Work to complete: Leave out all pictures and retype exactly the lines from the one with "They have so" through the last line of the material.

Given data:
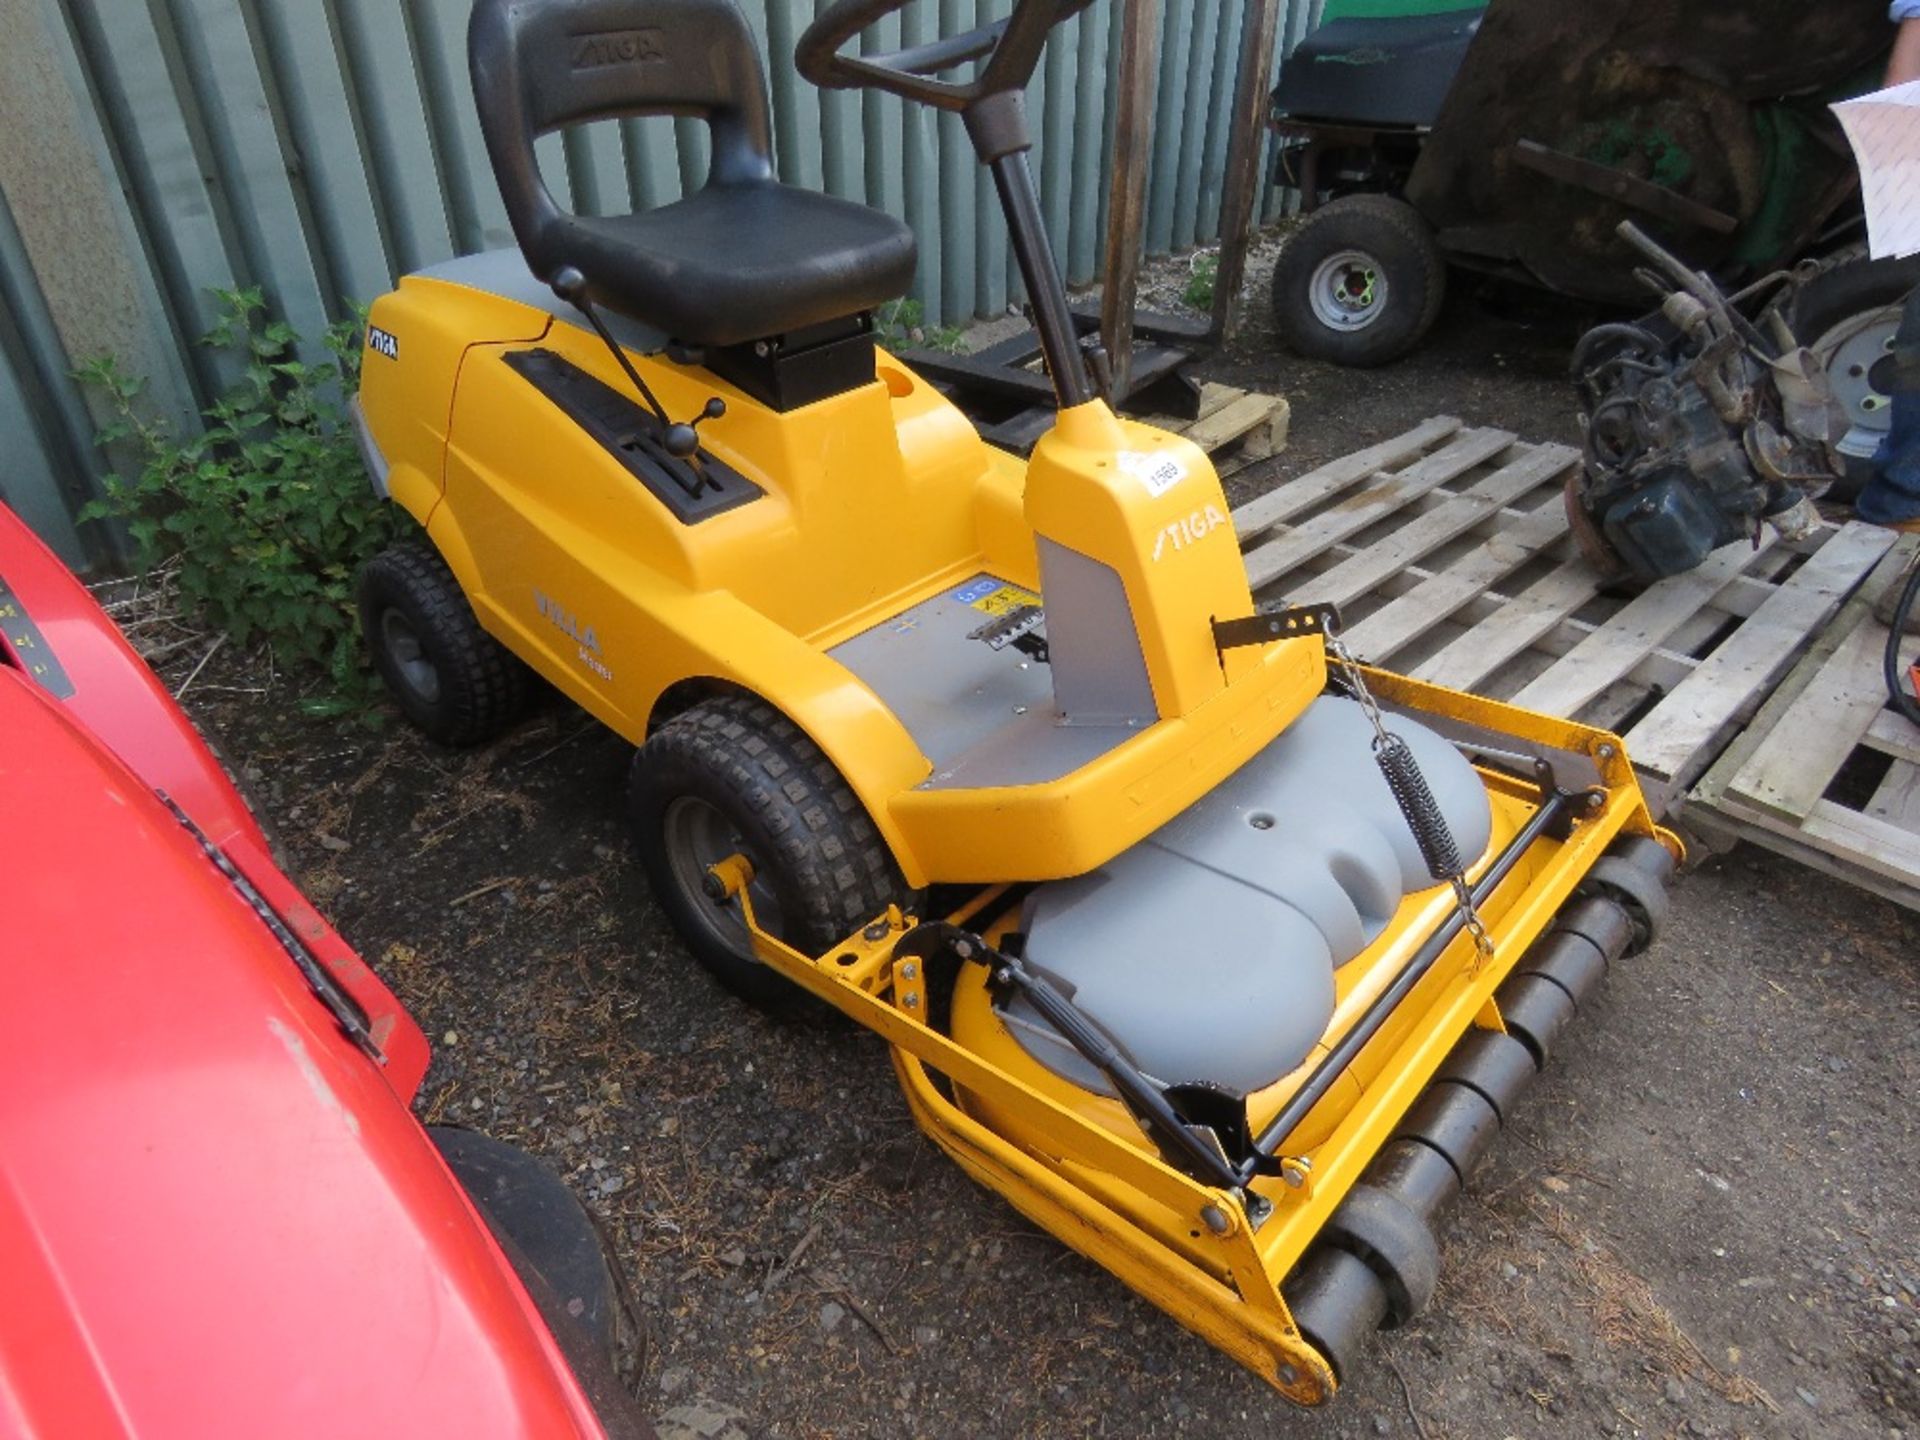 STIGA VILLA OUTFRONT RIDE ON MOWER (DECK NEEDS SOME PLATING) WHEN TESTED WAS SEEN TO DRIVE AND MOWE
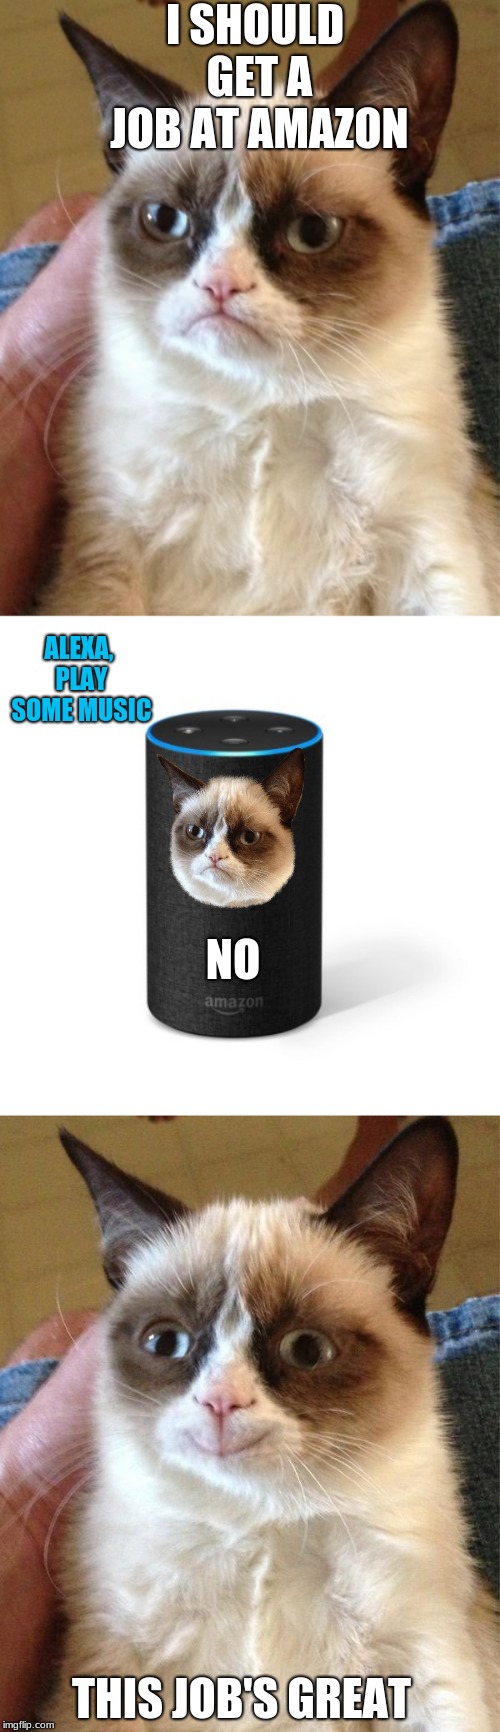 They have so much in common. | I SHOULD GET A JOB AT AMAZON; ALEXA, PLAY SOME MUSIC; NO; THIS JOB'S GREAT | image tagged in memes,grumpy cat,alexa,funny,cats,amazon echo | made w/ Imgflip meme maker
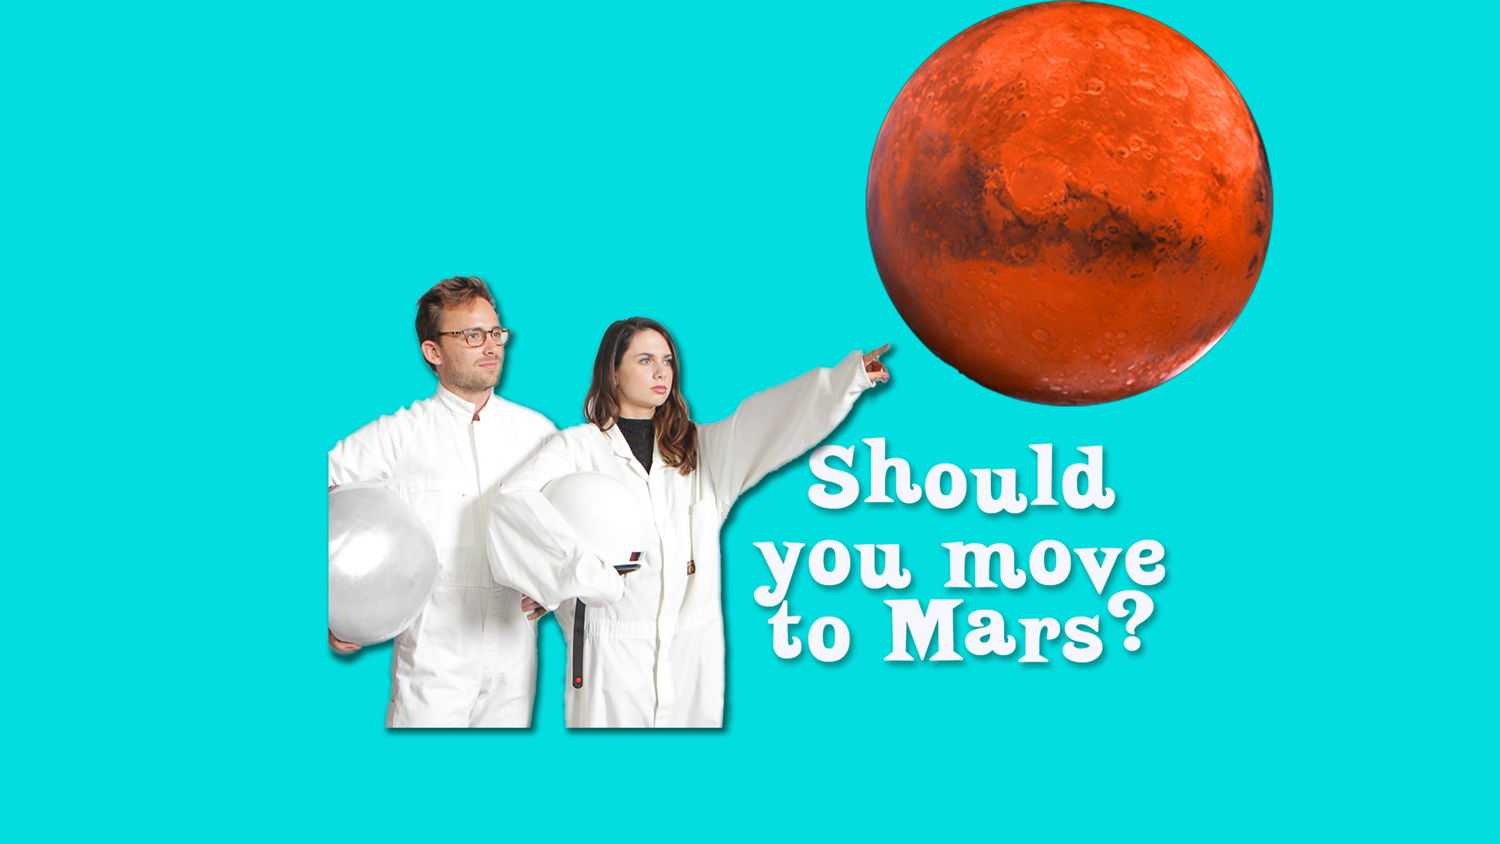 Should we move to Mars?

Solution to this task:
 They have so much in common. | I SHOULD GET A JOB AT AMAZON; ALEXA, PLAY SOME MUSIC; NO; THIS JOB'S GREAT | image tagged in memes,grumpy cat,alexa,funny,cats,amazon echo | made w/ Imgflip meme maker
 Should we move to Mars?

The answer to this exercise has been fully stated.